Piotr Apel skomentował także kwestie tzw. głosowania na dwie ręce, do którego doszło w Sejmie podczas zatwierdzenia kandydatury prof. Zbigniewa Jędrzejewskiego na sędziego Trybunału Konstytucyjnego oraz pomysł nie wyciągania kart do głosowania przez opozycję, aby nie było kworum – Takie próby walki z kworum były podejmowane kilka razy, to krzyk rozpaczy opozycji. Również PiS tego próbował i w 2008 i w 2011 roku.

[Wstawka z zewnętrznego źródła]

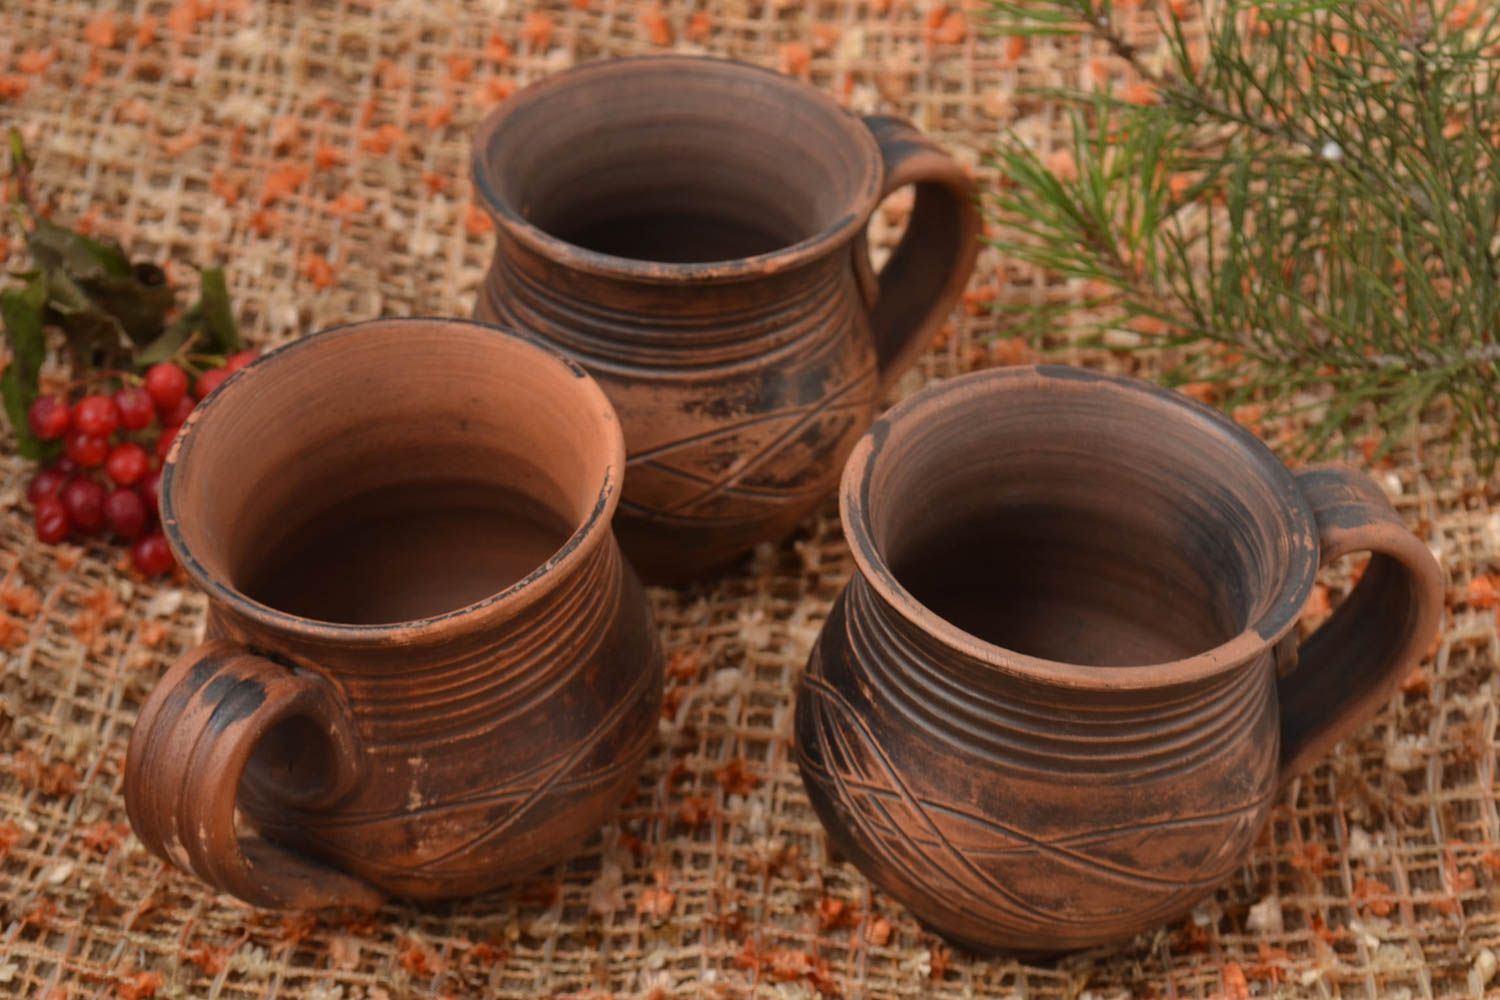 Чайные чашки ручной работы глиняные чашки оригинальные кружки для чая 3 штуки фото 1

To jest narzędzie jak wiele innych. Zaproponowaliśmy je, bo chcieliśmy zyskać dwa tygodnie na rozmowy w sprawie rozwiązania tego impasu wokół TK, który obecnie mamy - tłumaczył poseł. Piotr Apel dodał, że ruch Kukiz'15 „nie zgadza się na dalsze psucie prawa.”
- To kwestia wolności, jaką mamy w klubie. Każdy ma wolność głosowania. Często to podkreślaliśmy, że każdy z posłów głosuje za własnym sumieniem. Każdy, kto łamie prawo musi być usuwany z klubu. Ta decyzja była jednomyślna. Posłanka Zwiercan świadomie złamała prawo i nie mogliśmy zadecydować inaczej - tłumaczył parlamentarzysta.
Na pytanie o to, czy ruch Kukiz'15 ma problemy z samoidentyfikacją Piotr Apel stwierdził, że „członków klubu łączy Polska, ponieważ wszyscy chcą, aby była jak najsilniejsza.” – Chcemy doprowadzić do innej ordynacji wyborczej i to nas łączy. Są zasadnicze tematy, w których mamy takie samo zdanie i to się nie zmieni - zaznaczył.
Piotr Apel dodał, że w ostatnich tygodniach do klubu zgłosiło się paru posłów, którzy wyrazili chęć dołączenia do ruchu Kukiz'15.